Постояв так некоторое время, я направился к группе рыбаков возле костерка. Они, прервав свою беседу, с любопытством посмотрели на меня.
— День добрый и хорошего вам улова! — сказал я. — А что здесь водится-то? Киты есть?
— Все есть, даже утопленники, — засмеялся один из них, с рябым лицом. — Рыбки хотите купить?
— Окуньков, пожалуй, взял бы, — согласился я. — Штучек десять.
— Как раз для вас и приплыли. — Рябой ушел в дом и вскоре вышел оттуда с ведерком. — Забирайте. Тару только потом не забудьте вернуть. Вы ведь внук Арсения?
— Да, — ответил я, расплачиваясь. — А вы его хорошо знали?
— Кто ж его не знал! Он тут всех лечил. Особливо нас, кто, почитай, весь день в сырости проводит. А вы тоже знахарствуете? Или так, баловством пробавляетесь?..
— Боюсь, что только «пробавляюсь».
— Жаль, жаль… Мы-то думали: вот, внук на смену деду приехал. Значит, оборвалась ниточка, закончилось его мастерство вместе со смертью.
Впервые я почувствовал какой-то стыд от того, что столь глупо транжирил время, вместо того чтобы хоть чему-то научиться у своего деда. Не за теми сокровищами гонялся. А овладей я его знаниями, так, наверное, и меня почитали бы, как его самого. А так кто я? Актеришка, мое место в буфете. Чтобы скрыть свое смущение, я поинтересовался:
— Где обнаружили его тело?
— Вон в тех камышах, — показал рукой один из рыбаков. — Мой брат, Валентин, наткнулся. Пошел ранним утром, извиняюсь, по нужде и углядел. Валька сейчас в городе, вам бы с ним потолковать надо.
— Обязательно.
— Как вернется, я его к вам пошлю.
— А как он… выглядел?
— Ну как выглядят утопленники, — вмешался рябой. — Полежи недельки три в воде, так и узнаешь… Лицо у него было сильно попорчено. Раки да окуни — самый первый враг для утопших.
Я невольно поглядел на плескавшихся в моем ведерке окуньков.
— Его с трудом-то и распознали, — продолжил между тем рябой. — Если бы не перстень на пальце…
— Какой перстень?
— Серебряный такой, с печаткой. Он его на указательном пальце носил.

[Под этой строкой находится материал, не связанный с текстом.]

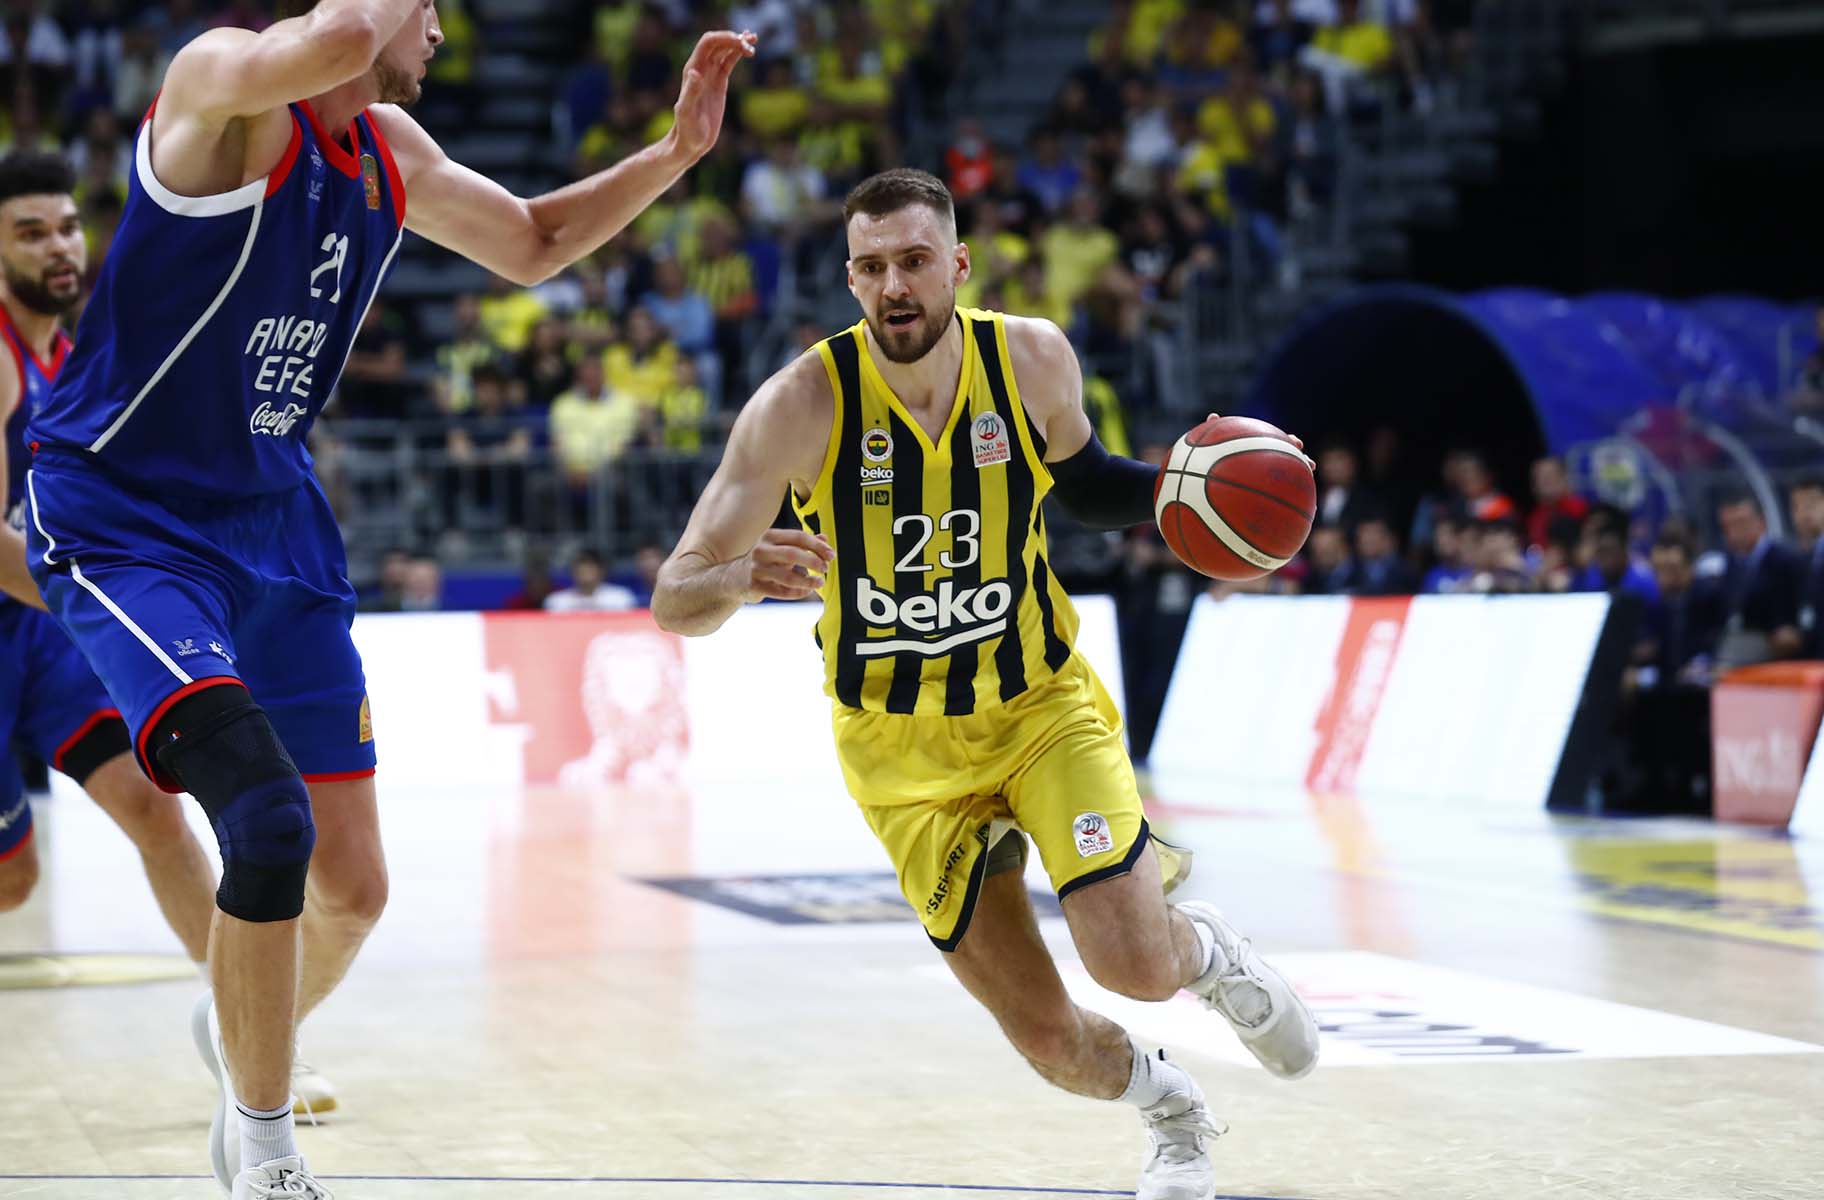 Fenerbahçe Beko - Anadolu Efes ING Basketbol Ligi final serisi ikinci maçı ne zaman, saat kaçta, hangi kanalda? Şifreli mi, şifresiz mi?

Я вспомнил: да, был такой перстень у деда, он с ним никогда не расставался, говорил, что даже снять его не может. Фамильный. Достался от его отца, моего прадеда. Помню даже, что в последнюю нашу встречу он сказал, что оставит его после смерти мне, как единственному продолжателю рода. Намекал, что перстень этот заколдован, обладает магической силой. Я тогда как-то неумно посмеялся над ним, из-за чего он, кажется, втайне обиделся.
— И где сейчас этот перстень?
Рыбаки переглянулись, пожали плечами.
— Так ведь… его так и похоронили с ним. Да и зачем снимать? Грех это.
— А вы ничего такого странного не заметили? Может, следы какие-нибудь были на трупе? Раны.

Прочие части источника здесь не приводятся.